Take the Daily Star’s front-page headline on February 22 - ‘‘Bertie’s Booze Boast’’. The story went on to tell how ‘‘8-pints Ahern’’ was ‘‘left red-faced’’ after commenting he could ‘‘drink a gallon of Bass’’.

It was only after turning to page four the reader realised that these quotes were taken from an interview with the Taoiseach way back in 1986.

Now that was a story that took awhile to percolate to the front pages - 20 years to be precise.

Public relations professionals have been vilified ‘‘as spin doctors’’ by the press here and in Britain. None more so then my dear friend Alastair Campbell. But it seems now as if it’s the media itself that has become the spin doctor extraordinaire.

The tabloids have recently gone into a frenzy over the likely killers of Rachel O’Reilly. Trial by media seems to be a growing trend and now appears almost as an Irish Olympic sport. Innocent until proven guilty now seems an old-fashioned concept.
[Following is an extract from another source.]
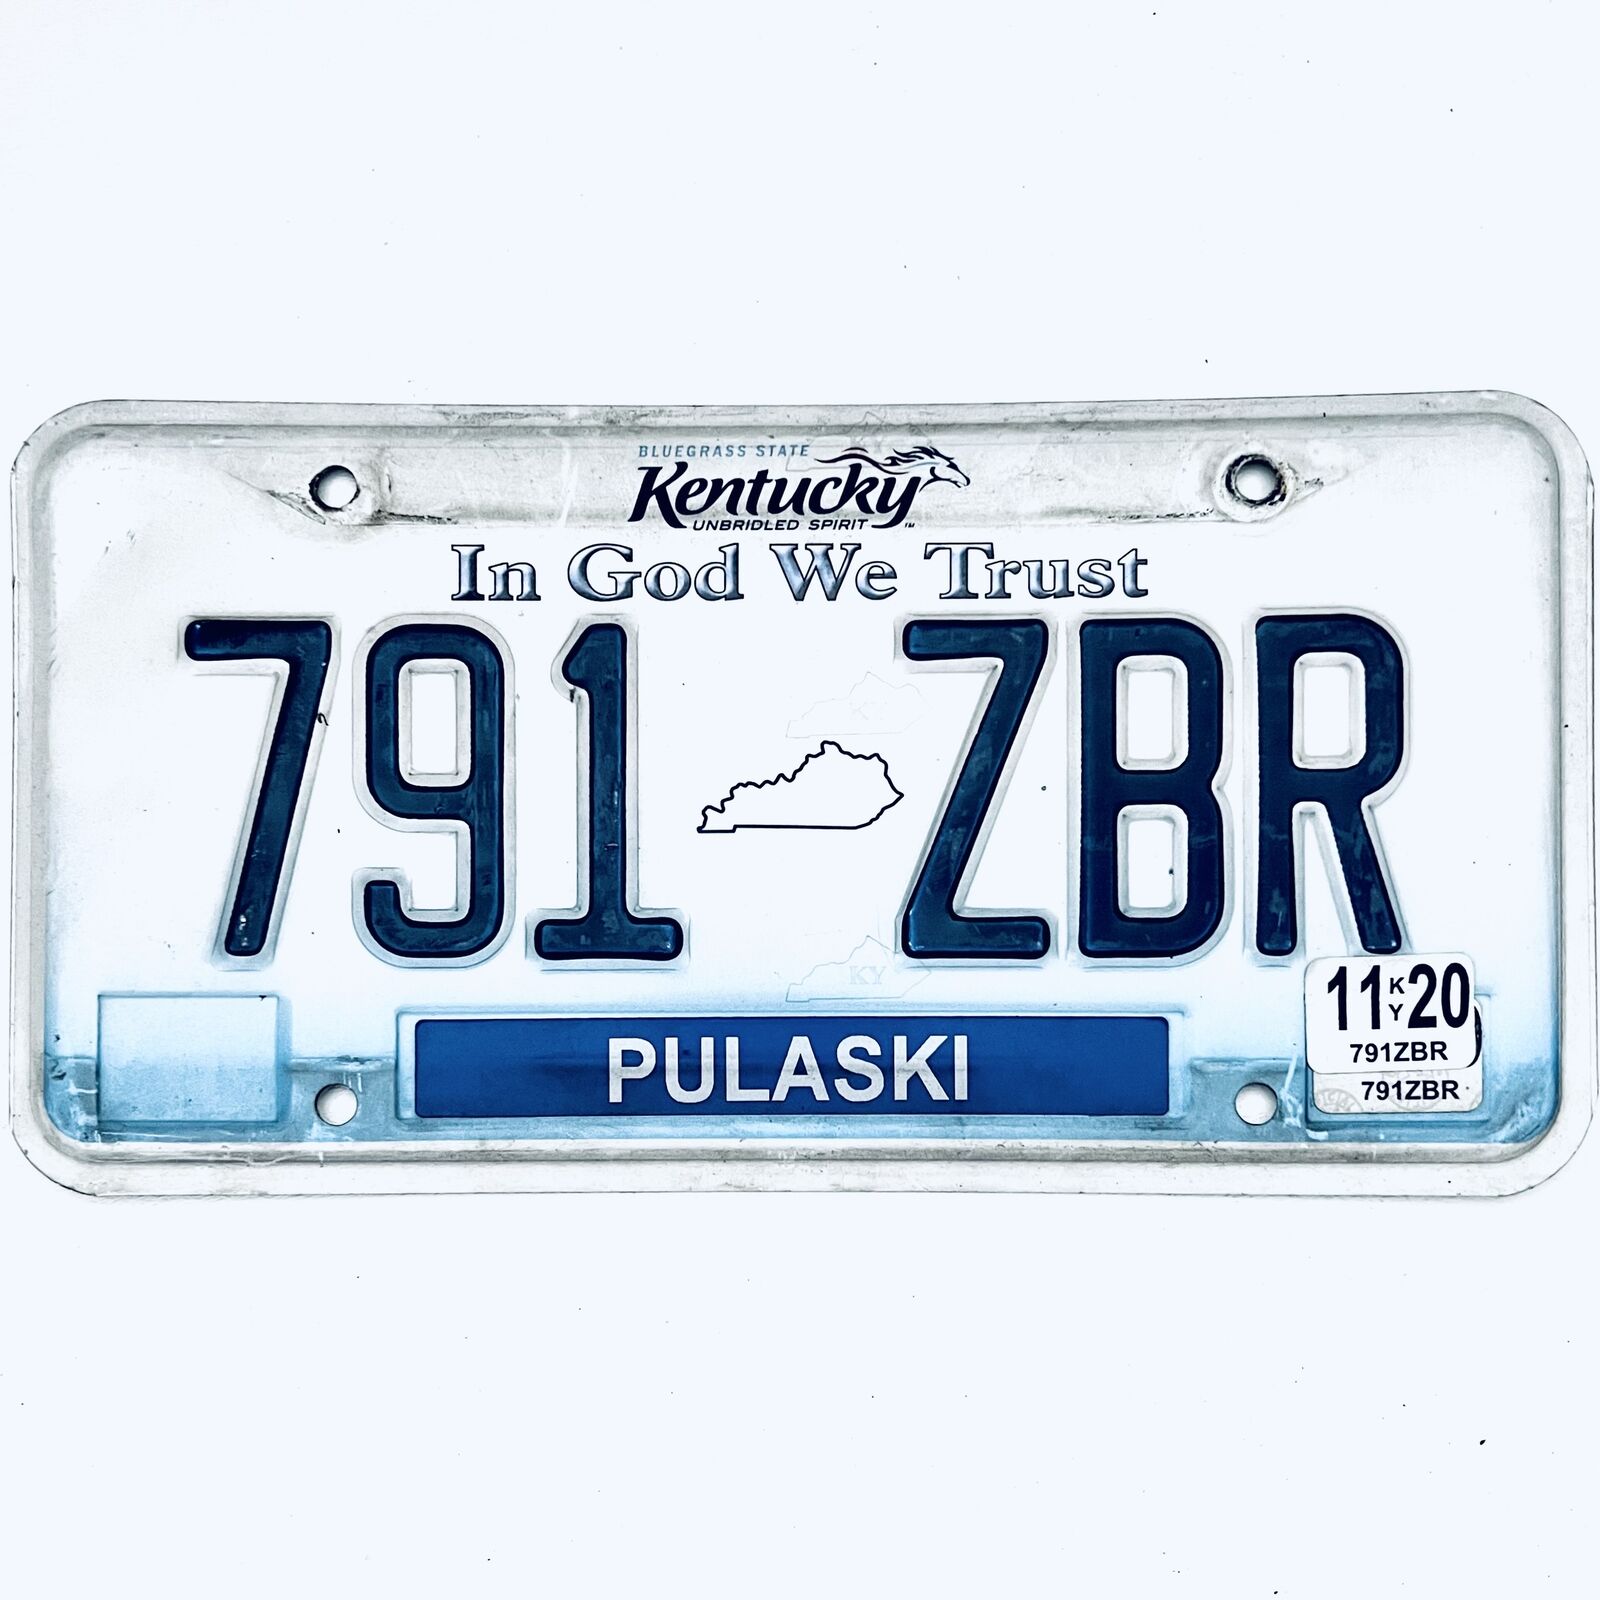 2020 United States Kentucky Pulaski County Passenger License Plate 791 ZBR

The pressure of 24-hour news, reporting and breaking stories seems to have resulted in the rules surrounding hard facts and solid stories becoming, at best, blurred and, at worst, totally abandoned. Indeed, it is now more credible than ever to ask - can we believe what we read or hear in the media?

The scurrilous coverage surrounding Liam Lawlor’s death in Moscow during the summer was rightly described by the Taoiseach as part of a race to the bottom.

Many of the Sunday newspapers tried to outdo each other with salacious stories that had little, if any, bearing on the truth.

But this was not an isolated incident. In recent times we have reached unquestionable levels of madness in our media.

During February we witnessed the media spin yet another story that seemed to have little if any relevance to the state of the nation. The bizarre tale of Sean Haughey and his failure to land the post of junior minister at the Department of Transport suddenly became big news.

Political writers seemed to have convinced themselves that Haughey was a natural for the job and showed their outrage by whipping up a political storm.

Yes folks, the position of junior minister suddenly seemed like a position second only in importance to the job of the Taoiseach itself. Here’s a little quiz: turn to the person nearest you and ask them to name two junior ministers. Yes, as you might have guessed, not quite such a high profile position after all - but this did not deter the media.

This ‘manufactured’ story, which had clearly no foundation, quickly took flight. Some journalists sought to outdo other political writers, adding more sensational twists and turns than an Agatha Christie novel.

In all the outrage and coverage, it was interesting to note that no tangible evidence as to why Haughey so deserved the position was put forward. And it was not just newspapers, but our national broadcaster that propagated this non-story.

So was it a case of hurt media egos spinning a story because they got their predictions wrong on who was going to get the job? Or maybe it was all because the public truly cared that Haughey failed to land this ‘junior’ ministerial position? You decide.

But while you ponder the rights and wrongs, there is a bigger picture. In the modern media industry, the public relations industry constantly gets lambasted, sometimes rightly, but more often wrongly, for its role in so-called spinning.

But rather than constantly pointing the finger of blame at public relations, ask yourself who the real spinners in today’s ultra-competitive media world are.

The answer is more complex than you might imagine.